For many years after I had my own family, I received my yearly supply of canned or frozen sauerkraut from my mom every fall without much real appreciation for the gift I was getting. Yes, I liked it, and it was a handy quick side-dish for sausages on  the days when I forgot to take dinner out of the freezer. And when I was pregnant I once ate a whole quart of it - cold, with a fork, and straight from the jar. (What can I say about pregnant women and their cravings? -Except that maybe a whole jar of sauerkraut isn't the smartest idea.)

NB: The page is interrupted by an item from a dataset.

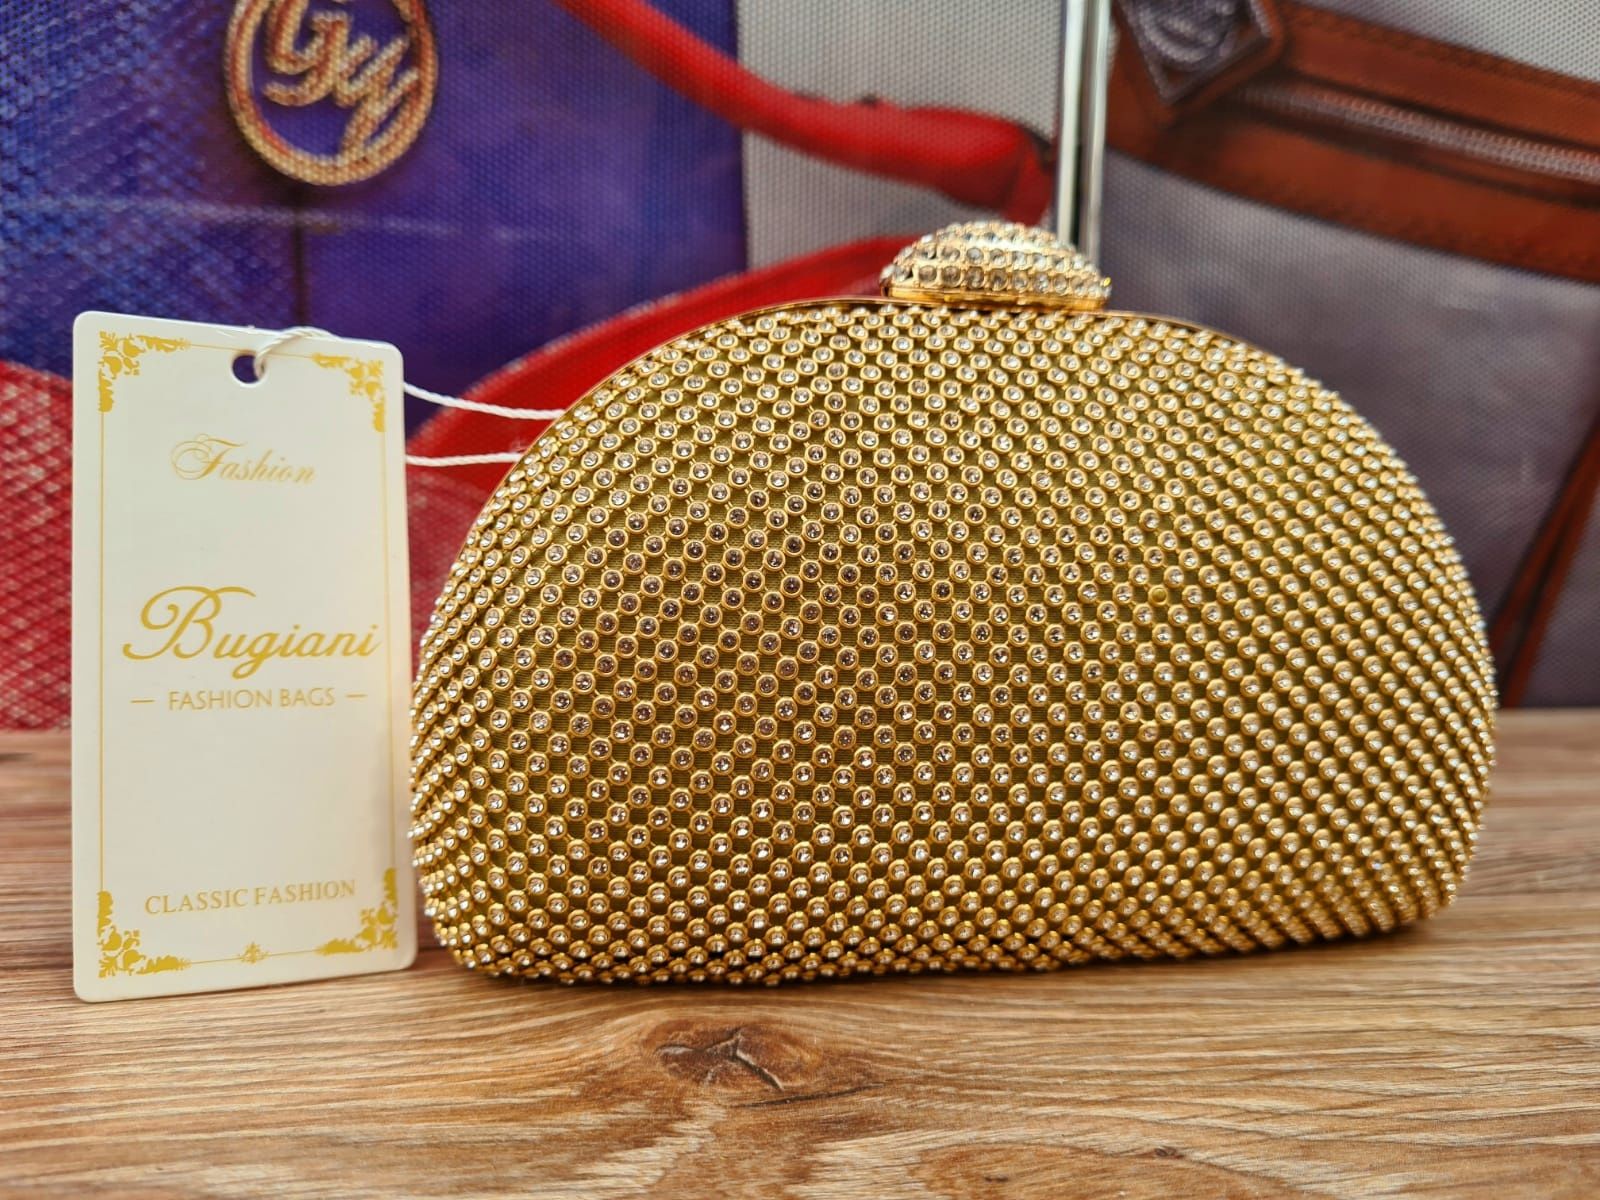 Nowa złota piękna torebka Kopertówka z cyrkoniami Bugiani

It isn't really until the last few years that I have truly begun to appreciate it. And last fall, under my mother's guidance, I made my first batch myself. I brought the 5-gallon pail of sauerkraut home the 8-hour drive from my parents' place and rinsed and nurtured it until the day we could have our own first taste.

I think I'm hooked.

Where has it been my whole life?



Now I enjoy finding new ways to use it. This week I had a bag of sauerkraut defrosting and I was thinking of potato salad, when the two melded in my mind and this dish was born.


It was an immediate hit.

It was even better this morning for breakfast.







Sauerkraut Potato Salad
(I love the taste of caraway seeds, having grown up with them in my mom's homemade rye or whole wheat bread, but if you don't, try using mustard seeds.)

2 lbs (1 kg) small potatoes
1 1/2 cups (325 ml) drained sauerkraut (save the juice)
2 tsp (10 ml) caraway seeds
1/4 cup (60 ml) grapeseed oil
1 tsp dijon mustard
1/2 cup (125 ml) sliced chives or green onions
1/2 tsp (2.5 ml) coarsely ground black pepper
3 Tbsp (45 ml) reserved sauerkraut juice


Steam the potatoes in a steamer basket, or steamer insert in a pot, until they are just tender.

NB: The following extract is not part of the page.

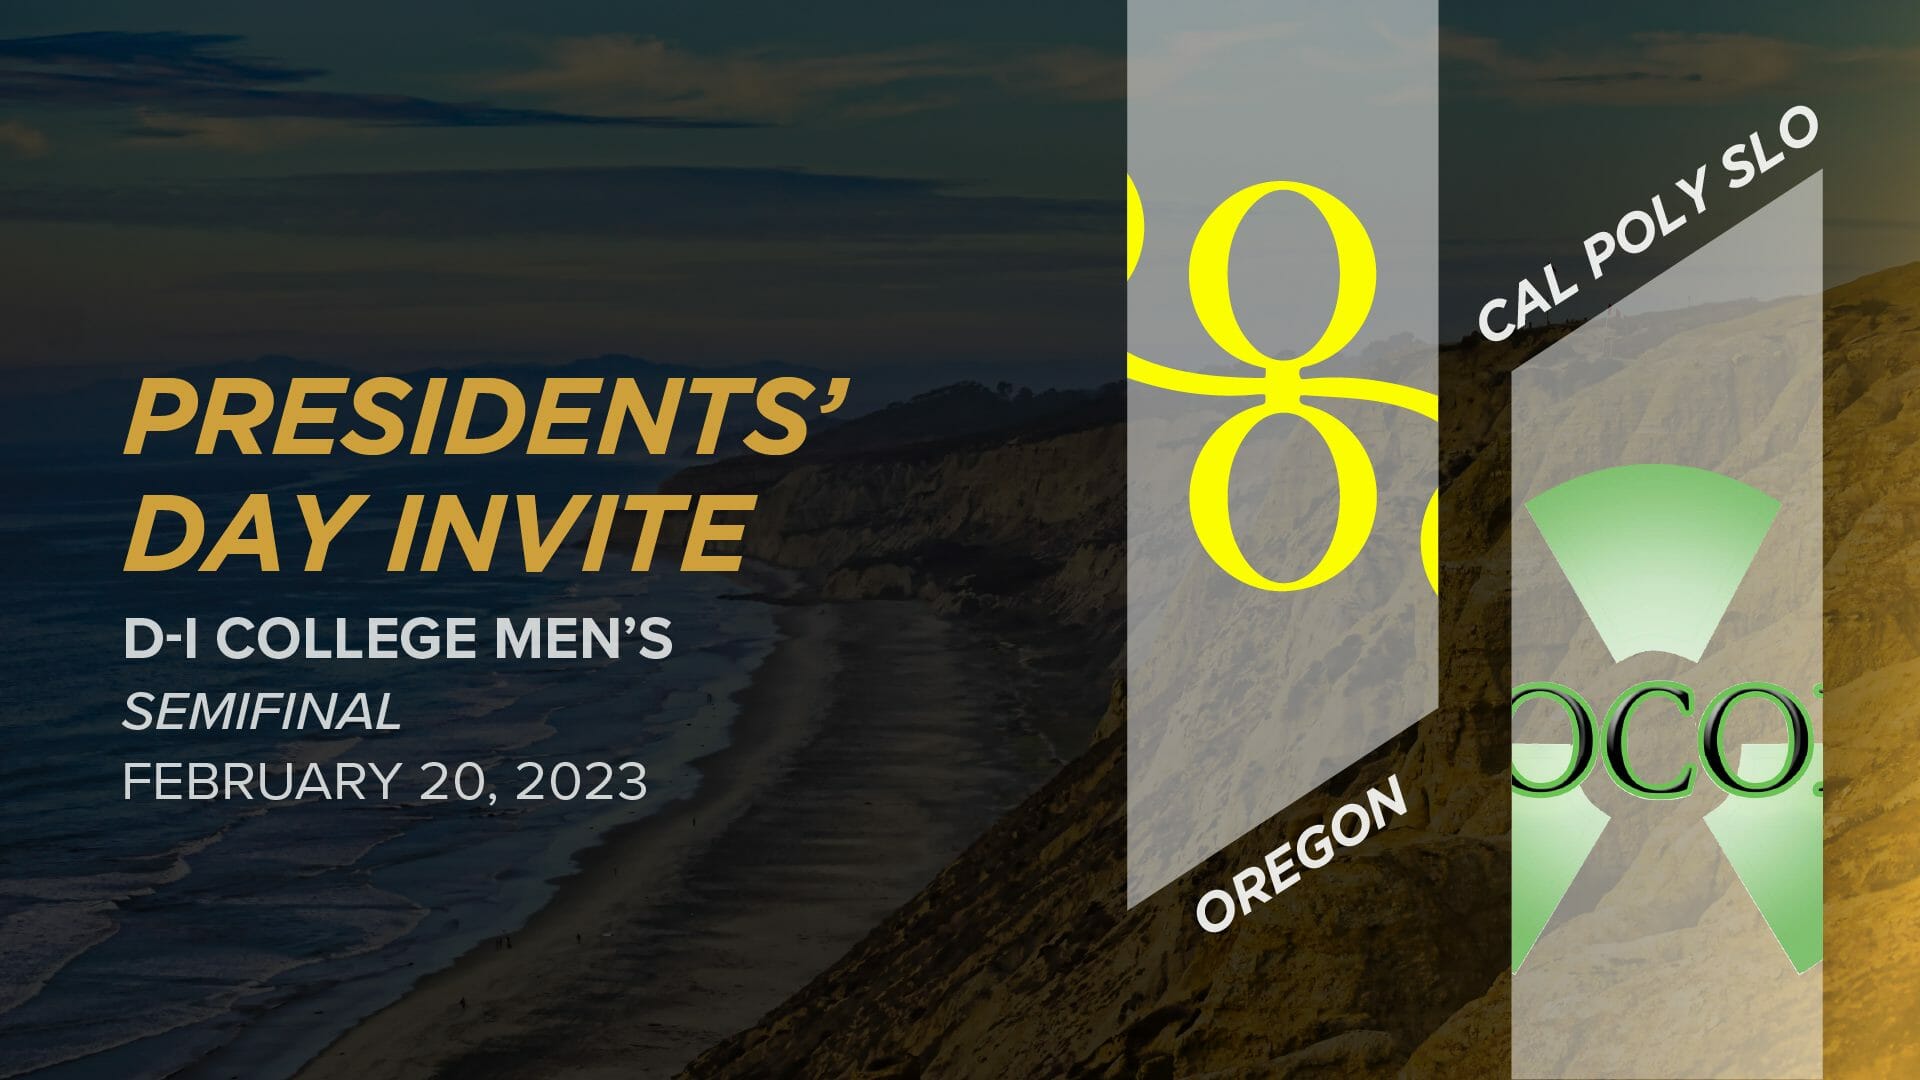 Oregon vs. Cal Poly SLO (Men's Semifinal) 2023 Presidents’ Day Invite

While the potatoes are steaming, plunk the pile of sauerkraut onto a cutting board and chop it roughly so there are no long strands. (Don't go crazy and chop it too fine - just a series of slices 1/2 inch apart horizontally, then vertically). Put it into a large bowl and toss it with the grapeseed oil, dijon mustard  and caraway seeds. Leave it to sit until the potatoes are finished steaming, so the caraway seeds can soften a bit and release their flavour.

Cut the cooked, potatoes into quarters or halves, depending on their size, and gently toss them, while still hot, with the sauerkraut mixture. This allows them to absorb more of the flavour.

Sprinkle with the chives, pepper and reserved sauerkraut juice, then toss gently once more.

 Serve warm or at room temperature.
 Feeds 6 (4 if they are hungry Germans)





Throw some bratwurst on the barbeque, crack open a cold beer and summer supper is served.

                                                                          Prosit!